‘Fast track’ entry plan sees e-gates opened to visiting Brits as passenger locator forms for every nationality are scrapped
Portugal is reported to have “broken ranks” to become the first EU country to “defy Brexit” by treating British holidaymakers the same as EU citizens at its borders.
The Telegraph reports that the Portuguese government has opened its e-gates to Brits, “enabling them to be fast-tracked seamlessly without having to queue for hours for manual checks as previously required under Brexit”.
“Britons will no longer be treated as “third country” visitors as demanded under Brexit, but will have a special e-gate channel for the three million UK holidaymakers who visit Portugal every year”, says the paper, suggesting the move to establish frictionless travel as if the UK was in the EU’s borderless Schengen zone could be seen as “an attempt by Portugal to lure Britons away from other southern European summer hotspots popular with UK holidaymakers”.
“The UK is Portugal’s biggest overseas tourist market with nearly 484,000 “room nights” clocked up by Britons in January and February alone, the highest of any country. The new border policy could force countries such as Spain, France, Greece and Italy to follow suit.
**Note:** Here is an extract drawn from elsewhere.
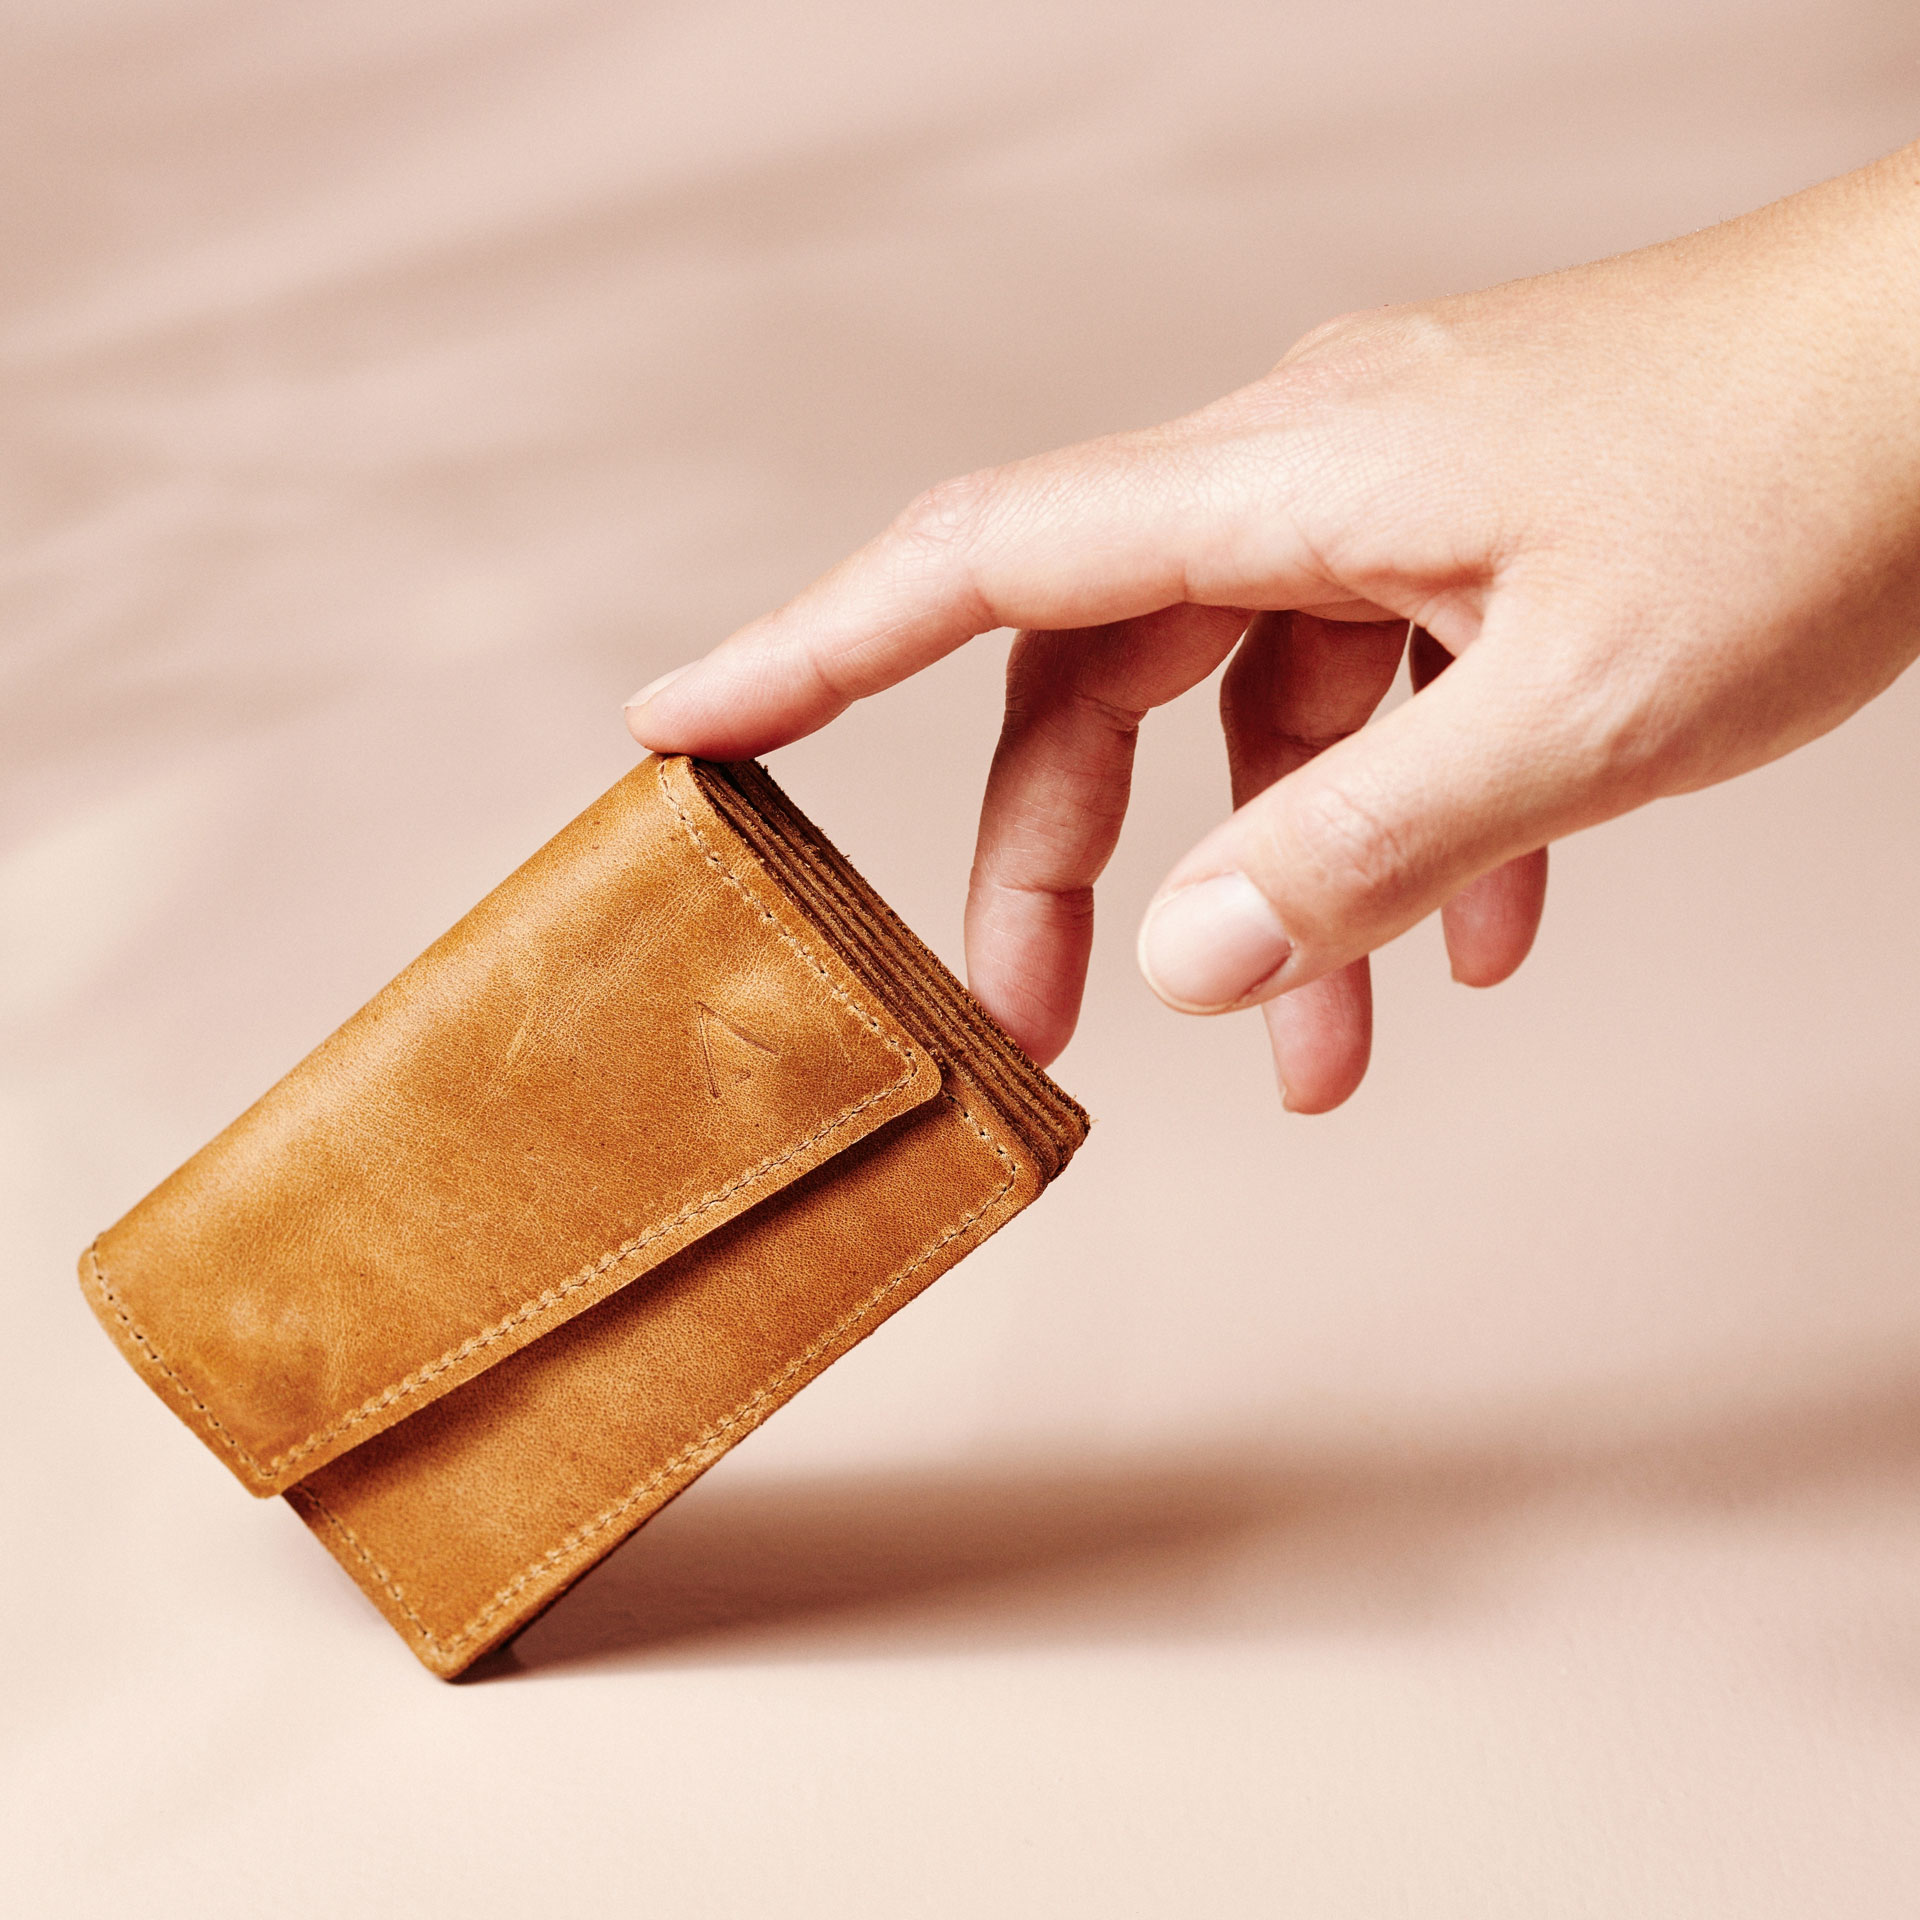 Unser kleine Portemonnaie ist im Vergleich etwas kleiner als eine Hand.

British tourists account for a substantial slice of all four EU states’ tourist revenues”, explains home affairs editor Charles Hymas.
The truth is this is not really defiance of Brexit as individual EU states are free to set their own travel rules.
As such, passenger locator forms have been scrapped (as of today) – albeit travellers are still required to wear masks when they are physically on planes, or taking transport buses to and from terminals.
President of Turismo de Portugal Luís Araújo says the industry is “delighted” by the new approach.
Paul Charles, chief executive of travel consultancy PC Agency commends Portugal for “clearly leading the way in recognising that they have to process vast numbers of British visitors as seamlessly as possible otherwise there would be long queues this summer”.
“I think you will see other EU countries follow this approach otherwise British travellers will face long delays going into France, Spain, Greece, Italy and other countries,” he said.
Spanish airlines are already demanding faster passport checks for UK arrivals after 3,000 people missed flights from queues in Madrid at Easter, the Telegraph adds, explaining “UK travellers have swelled the ranks of non-Schengen passengers post-Brexit with the necessary physical passport checks “causing chaos”.
Portugal’s policy isn’t limited to incoming Britons. It also includes Australian travellers, those from New Zealand, Singapore and Japan, concludes the Telegraph.
World Travel and Tourism Council calls for lifting of all travel restrictions
Meantime Virginia Messina, senior vice president of the WTTC (World Travel and Tourism Council) has called for all countries to follow the UK government – which no longer requires incoming travellers to show proof of vaccination or even negative tests for SARS-CoV-2.
“What the UK government is doing… is really going to help the recovery”, she told the council annual conference in Manila, Philippines.
Portugal, for the time being, has relaxed entry requirements, but visitors still have to show proof of a negative test.
Ms Messina says she wants to see “a more coordinated approach” brought in that would remain in place for future Covid outbreaks or other pandemic viruses.
“What we’re pushing for is what the Department for Transport in the UK is calling a global surveillance system,” she said. “Could we have a system in place, like a layered approach, where if there’s a risk then we bring those restrictions back, but we do it in a cohesive way that’s coordinated across countries as opposed to everyone doing their own system?
“As many studies have shown, closing borders might actually delay the infection rate, but it’s never going to prevent it”.